Il gruppo italiano mantiene il management del brand e delle nuove strutture europee. Quello centro-americano ha un fatturato da 800 milioni con 5mila camere di proprietà e più di 2500 in costruzione

di Sara Magro

3' di lettura

Baglioni Hotels & Resorts, collezione famigliare italiana di cinque stelle, annuncia la partnership finanziaria strategica con Palace Resorts, gruppo messicano da 800 milioni di fatturato con 5mila camere di proprietà più 2500 in costruzione in Centro America. L’accordo, siglato lo scorso 10 novembre, prevede che Palace Resorts diventi azionista di maggioranza con il 75% del gruppo italiano.

L’operazione

«Si tratta di un’operazione che porta reciproci vantaggi – afferma Guido Polito, che resta ceo del gruppo Baglioni –. Da un lato, possiamo rafforzare la nostra presenza sul mercato americano, che rappresenta il 70% della clientela di Palace Resorts, migliorare l’efficienza sfruttando i sistemi IT interni, diminuire i costi operativi ed espandere il brand.
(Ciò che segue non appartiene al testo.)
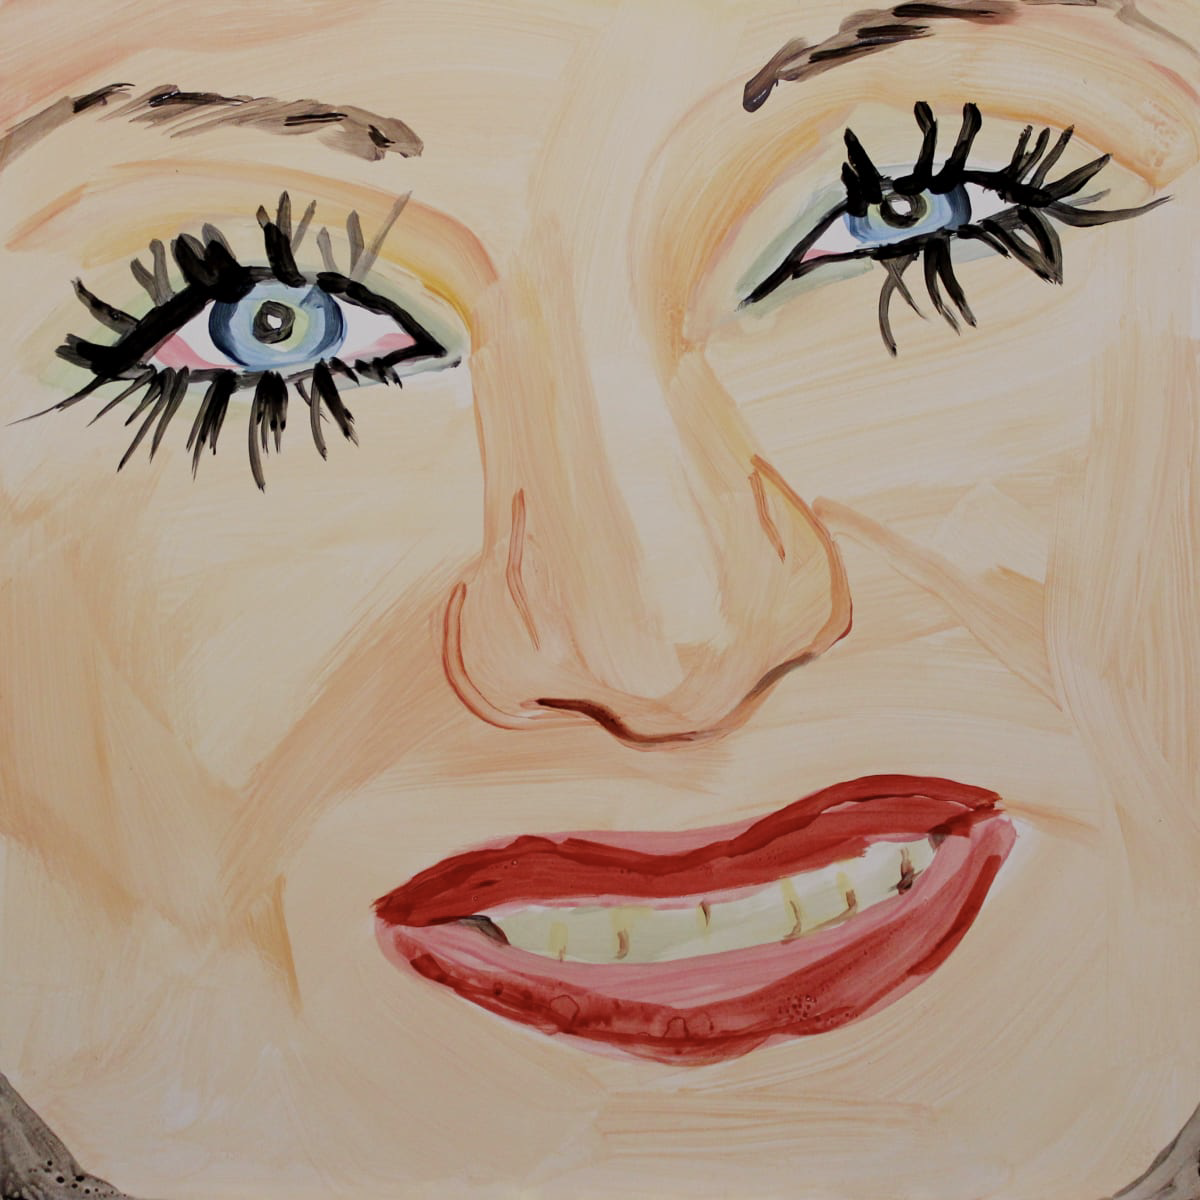 Laura Collins, Tammy Faye Bakker no. 1, 2022, acrylic on panel, 16” x 16”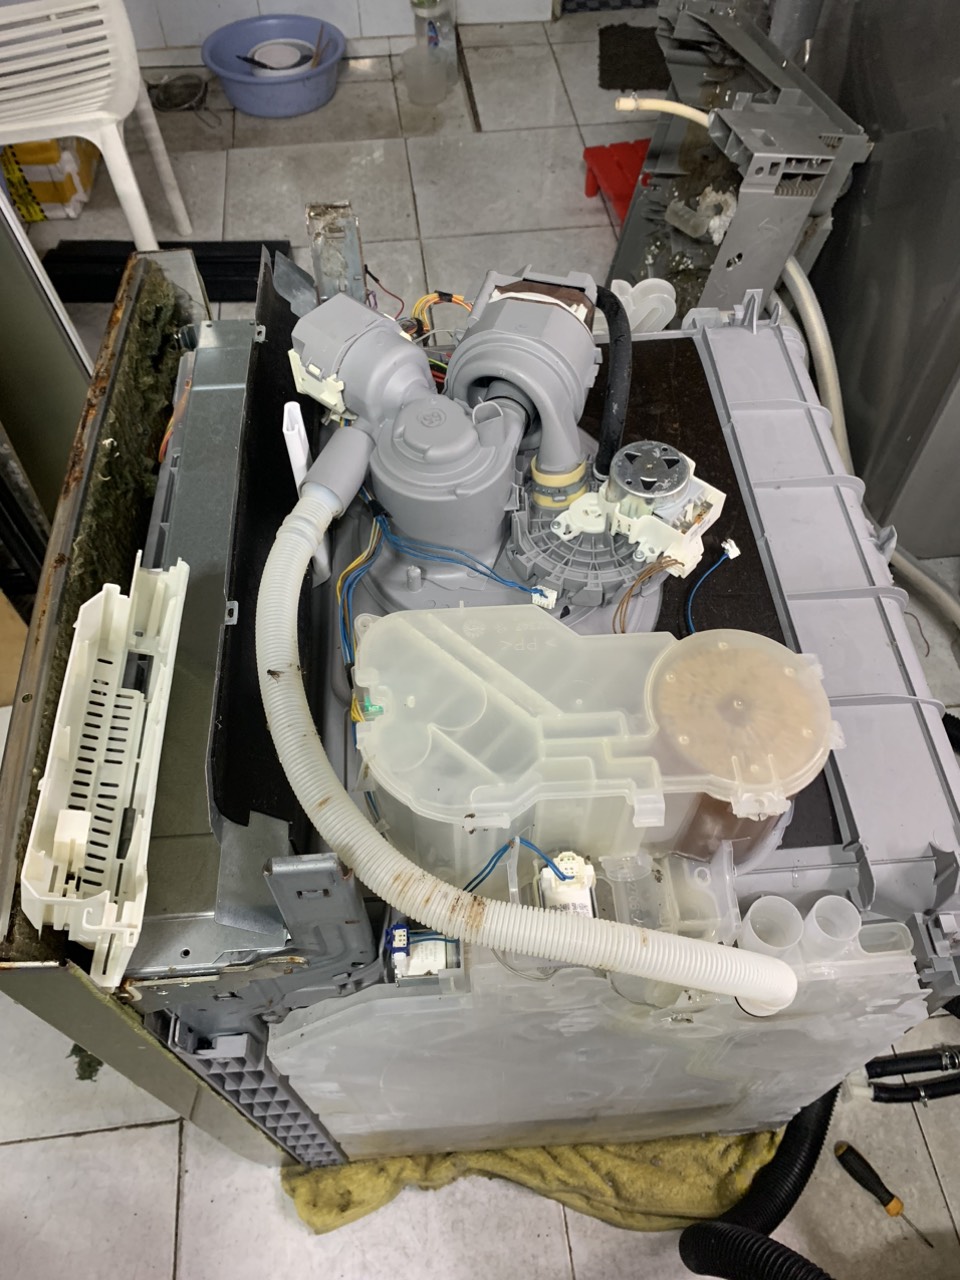 z4499060694337 5ad73955dcc77a15495cb0d63394b5f5 - Sửa máy rửa bát Bosch tại nhà uy tín chất lượng ở Sài Gòn

D’altra parte, il gruppo messicano ha trovato in noi il partner ideale per espandere il portfolio in Europa e Medio Oriente, acquisendo un brand forte e ben posizionato, ma anche una gestione competente e solida». Con un sondaggio tra i suoi clienti, Palace resorts, proprietaria anche degli immobili, ha infatti scoperto che le destinazioni più desiderate sono Italia e Maldive, entrambe nel portfolio di Baglioni. La partnership introduce inoltre nell’hotellerie italiana il modello del vacation club, una formula tramite cui si vendono membership che danno diritto a specifici privilegi.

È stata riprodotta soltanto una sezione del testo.